In the popular imagination, the business media, and the schools
of business and management that train new generations of
entrepreneurs and executives, achieving extraordinary success in
business is attributed to far-sighted individuals who have taken
bold risks, provided innovative leadership, and introduced new
products, services, or ideas superior to those of the competition.

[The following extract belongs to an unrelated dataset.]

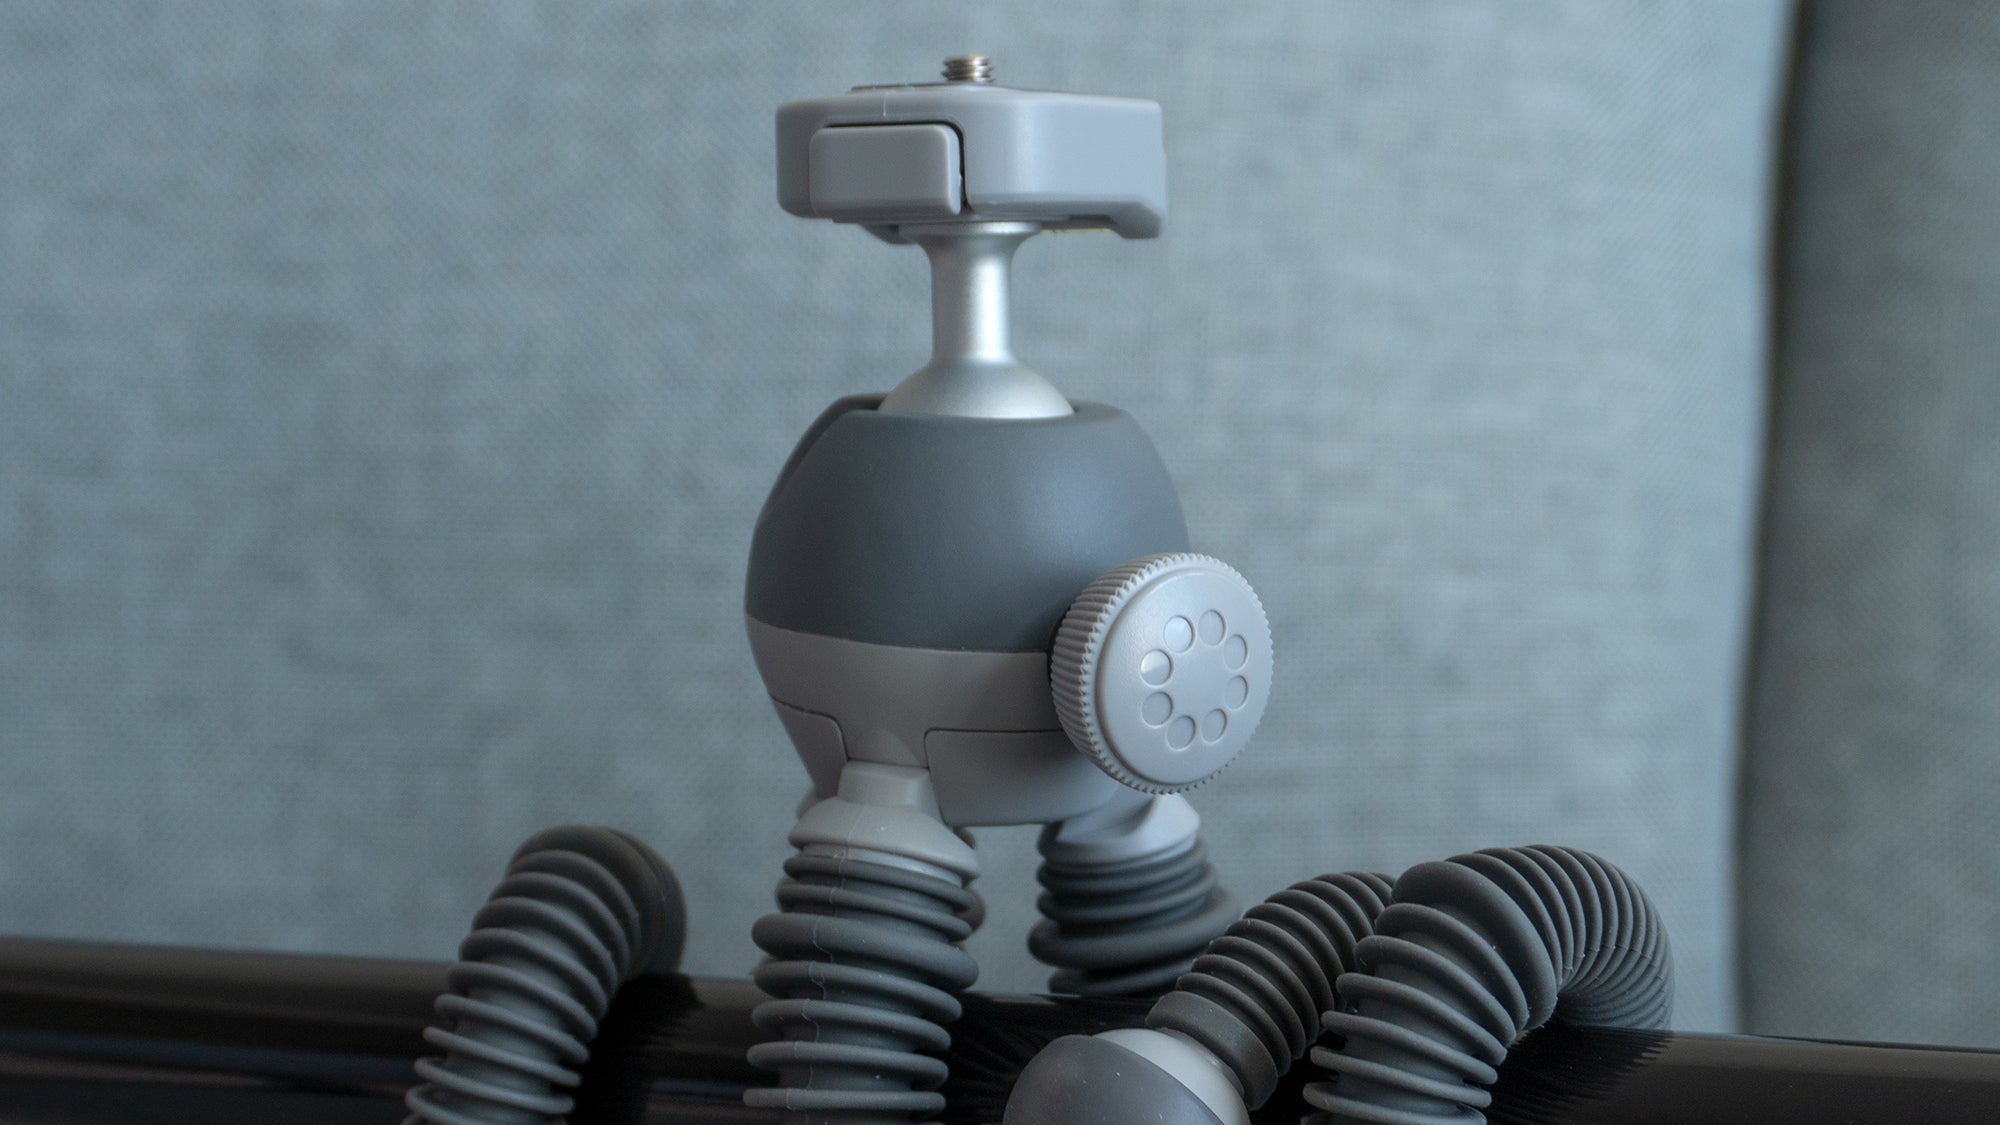 The larger PodZilla features an adjustable tightening knob to prevent the ball and socket joint from coming loose with a heavier camera attached. (Photo: Andrew Liszewski - Gizmodo)

Amid the growing skepticism about the means by which vast amounts
of wealth are accumulated and its consequences, however, this
belief is long overdue for reevaluation.
In From Predators to Icons, Michel Villette, a sociologist, and
Catherine Vuillermot, a business historian, examine the careers of
thirty-two of today's wealthiest global executives including Warren
Buffett, Ingvar Kamprad, Bernard Arnault, Jim Clark, and Richard
Branson in order to challenge the conventional explanations for
their extreme success and come to a better understanding of modern
business practices.
In contrast to the familiar image of the entrepreneur as a
visionary with a plan, Villette and Vuillermot instead discover a
far less dramatic process of improvised adaptations gradually
assembled into a coherent course of conduct. And rather than being
risk-takers, those who are most successful in business are
risk-minimizers. Huge gains, these case studies reveal, are most
reliably obtained in circumstances where the entrepreneur has
established careful provisions for risk reduction. As for the view
that innovation makes success possible, the authors find that
because innovation is an expensive process that takes a long time
to produce profits, innovators first of all require capital;
success makes innovation possible. The necessary resources, they
show, are most often derived from what they provocatively term
"predation": ruthlessly taking advantage of imperfections,
weaknesses, and vulnerabilities within the market or among
competitors. Finally, From Predator to Icon considers the
"practical ethics" implemented during the phase in which capital is
most rapidly accumulated, as well as the social consequences of
these activities.
Drawing on interviews with some of their subjects and,
crucially, close readings of the authorized biographies and other
hagiographic accounts of these figures, which eliminates the bias
of malicious interpretations, Villette and Vuillermot provide
revelatory insights about the creation and maintenance of business
wealth that will be profitably read by both the captains and the
critics of contemporary capitalism."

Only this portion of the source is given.